The problem =
Provide an exact copy of the data, excluding the images.

Given data =
--- START ---

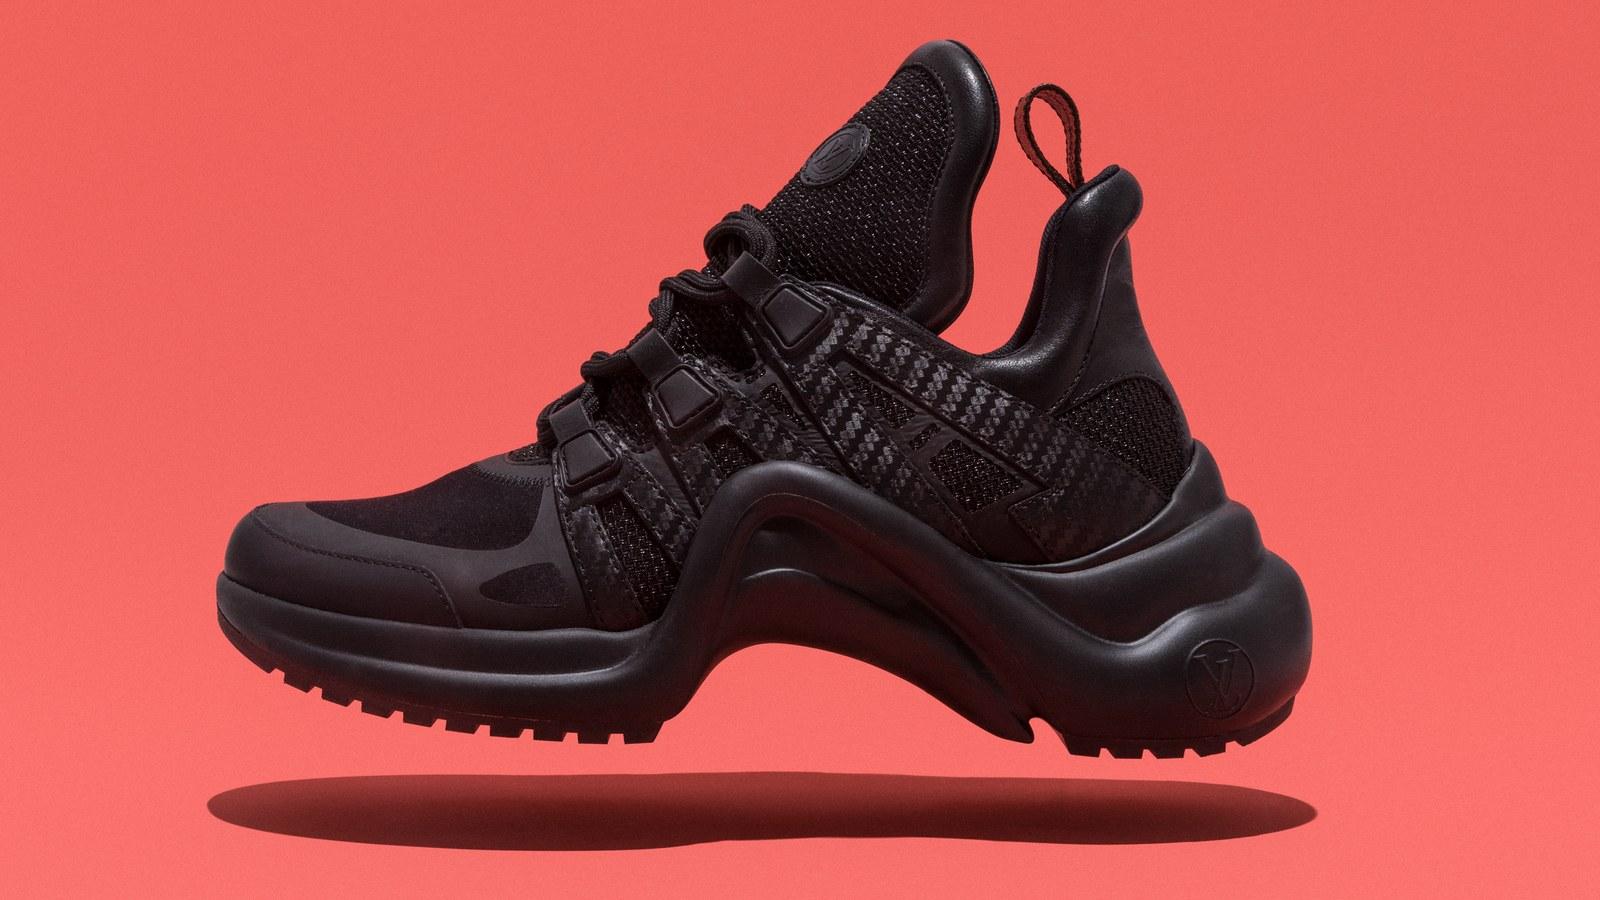 louis-vuitton-sneakers-01-3x2.jpg
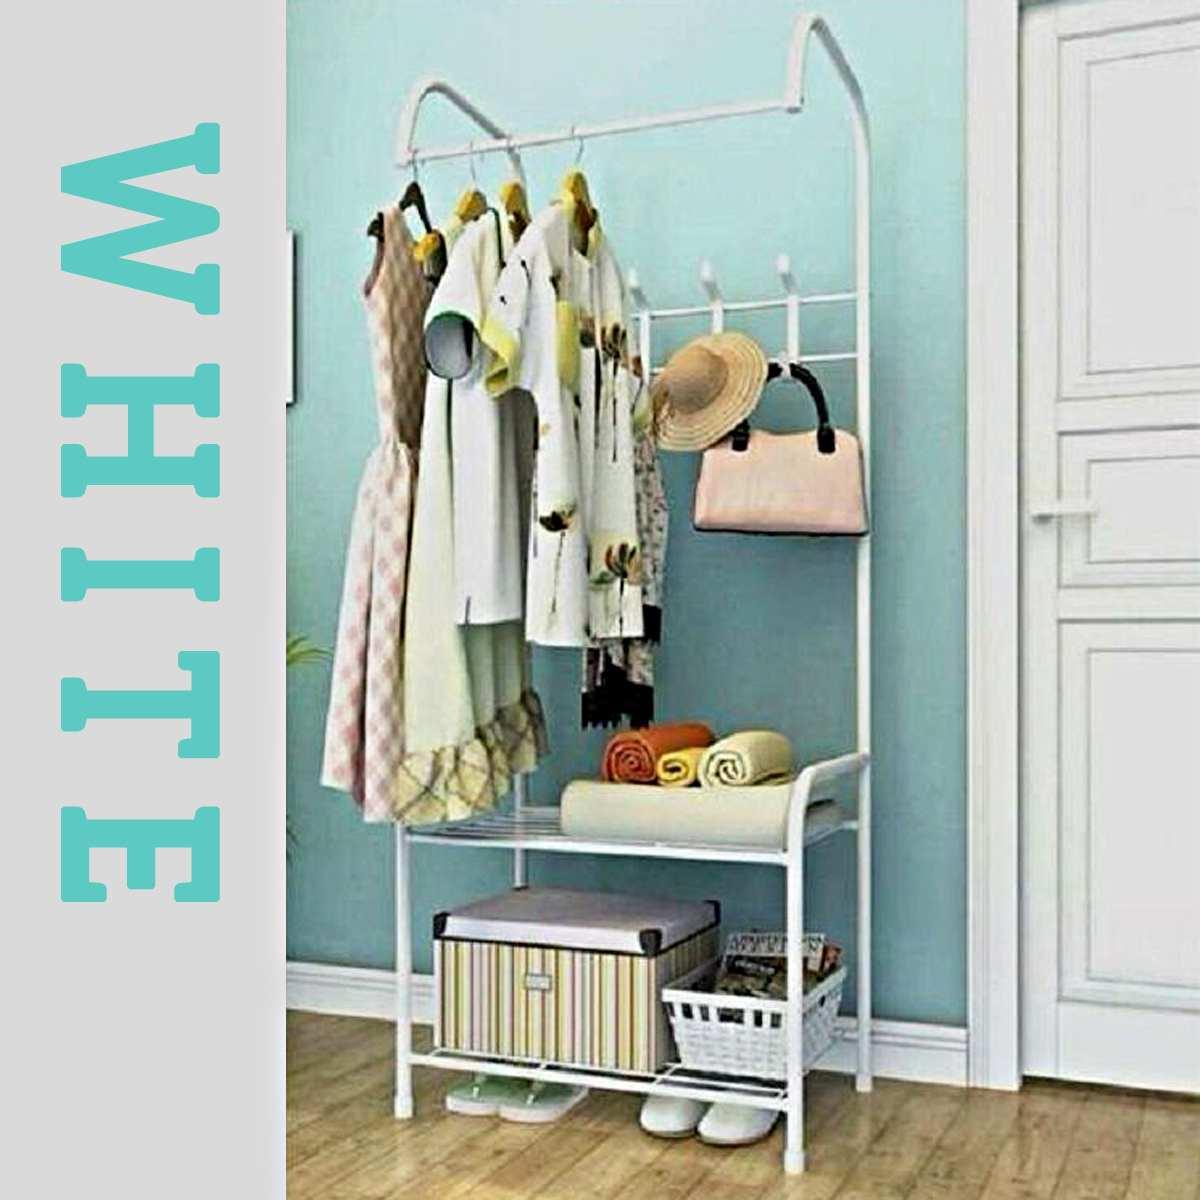 Colorful Simple Style Landing Clothing Holder Hanger Coat Rack Floor Standing Storage Shelf Clothe Hanger Rack Bedroom Furniture
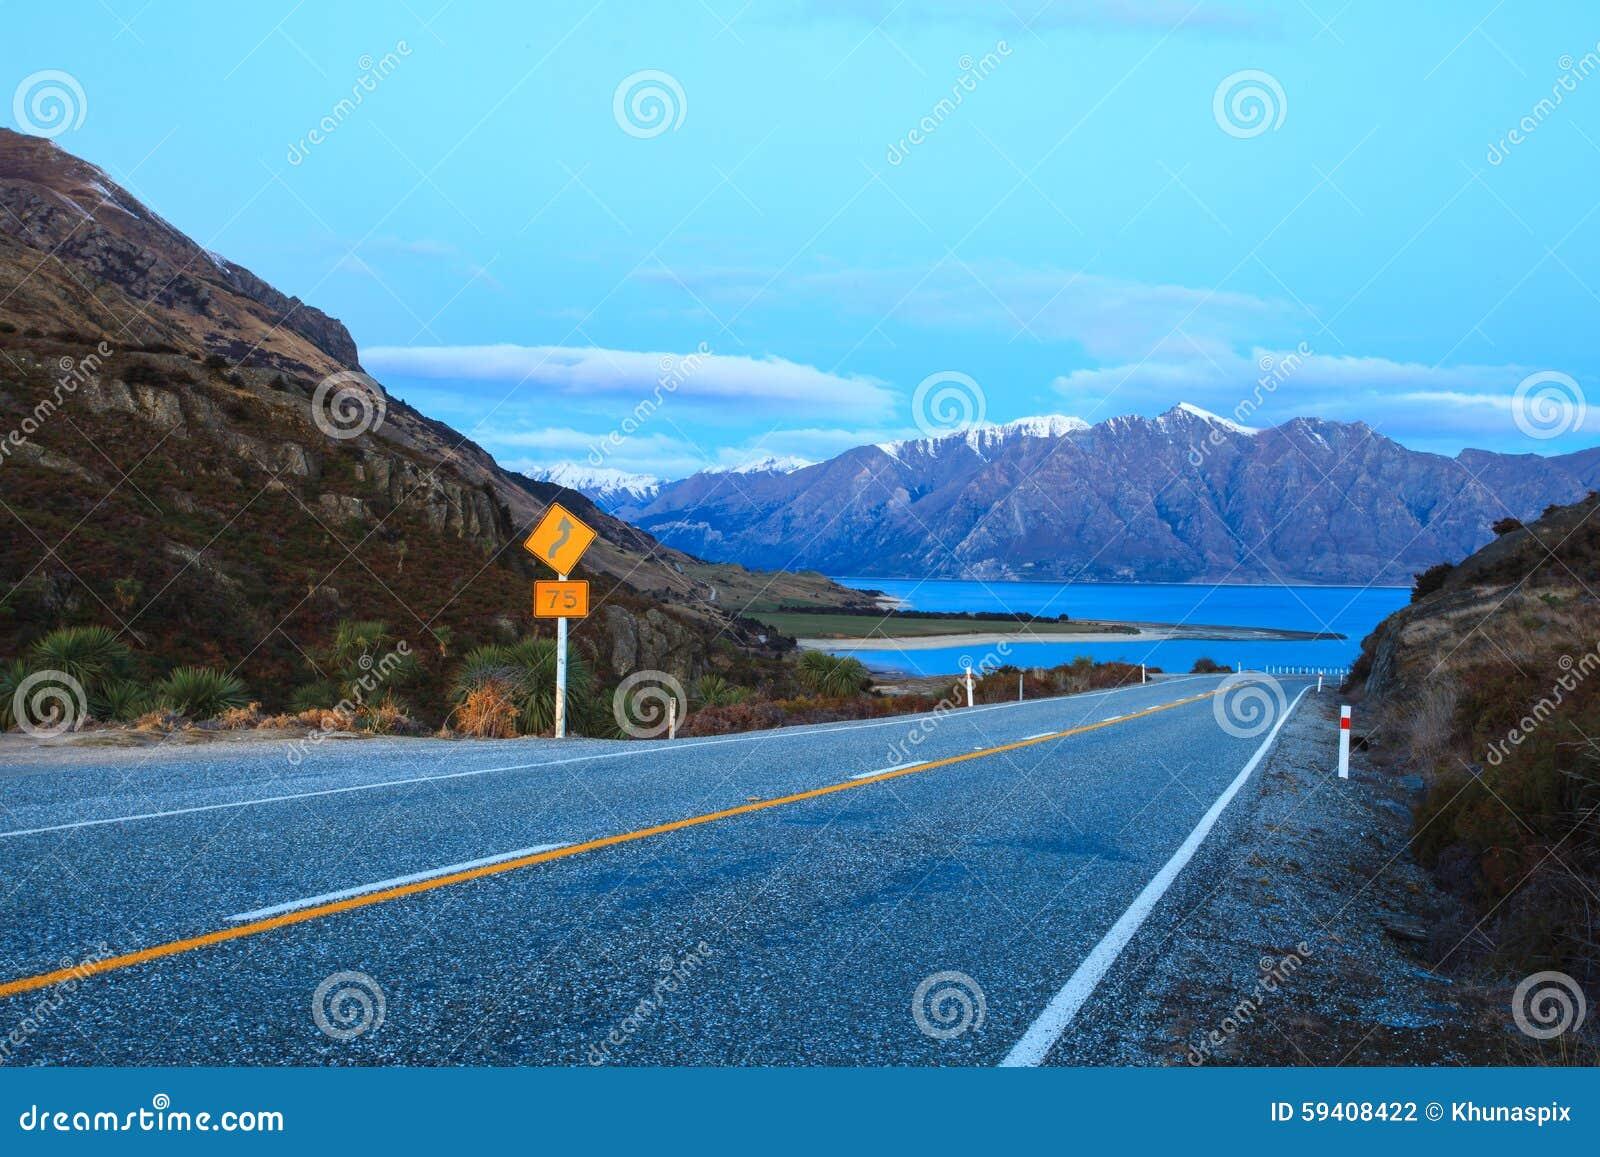 Destination To New Zealand South Island

--- END ---

Problem solution =
 louis-vuitton-sneakers-01-3x2.jpg
 Colorful Simple Style Landing Clothing Holder Hanger Coat Rack Floor Standing Storage Shelf Clothe Hanger Rack Bedroom Furniture
 Destination To New Zealand South Island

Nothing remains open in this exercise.